Date of Award


Degree Type


Degree Name

Doctor of Philosophy


Chemical Engineering

Major Professor

Paul R. Bienkowski

Committee Members

Robert M. Counce, Paul D. Frymier, Gary S. Sayler


The process of sensing an attractant chemical by a motile bacterium and subsequent motion towards that attractant, known as chemotaxis, occurs in Escherichia coli, Pseudomonas putida G7, Rhizobium meliloti, and several other subsurface strains. To date, there have been no widely accepted experimental studies that demonstrate whether bacterial chemotaxis can enhance biodegradation of contaminants in the subsurface.
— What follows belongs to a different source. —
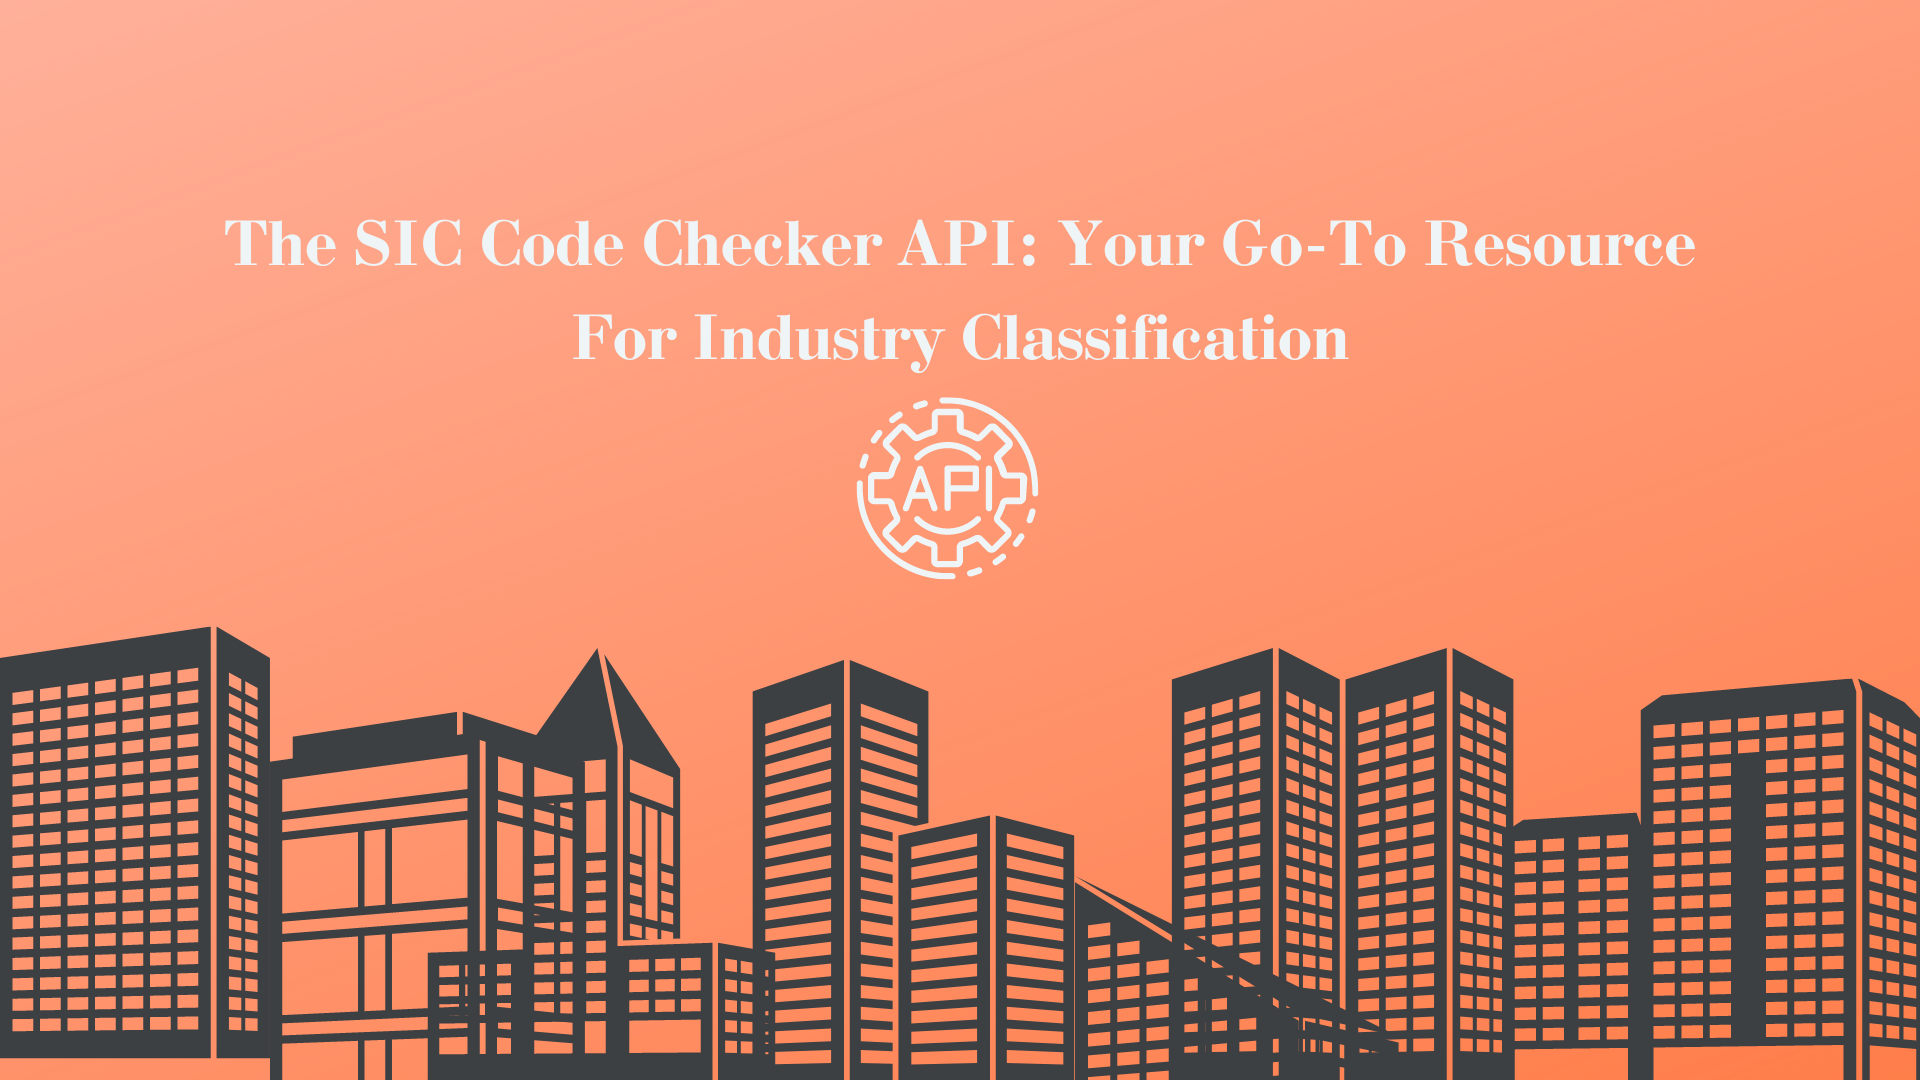 The SIC Code Checker API: Your Go-To Resource For Industry Classification

This research investigates the effect of bacterial chemotaxis on degradation rate in an experimental model for in situ bioremediation. The novel experimental protocols of this work, developed to investigate bacterial chemotaxis and migration, have provided for the systematic evaluation of the effect of the chemotaxis phenomena in a porous medium. The hypothesis formulated is that a bacterium undergoing chemotaxis in a porous medium will be able to sense an attractant chemical, bias its motion towards it, and subsequently degrade the attractant at a higher rate than a strain exhibiting non-chemotactic behavior.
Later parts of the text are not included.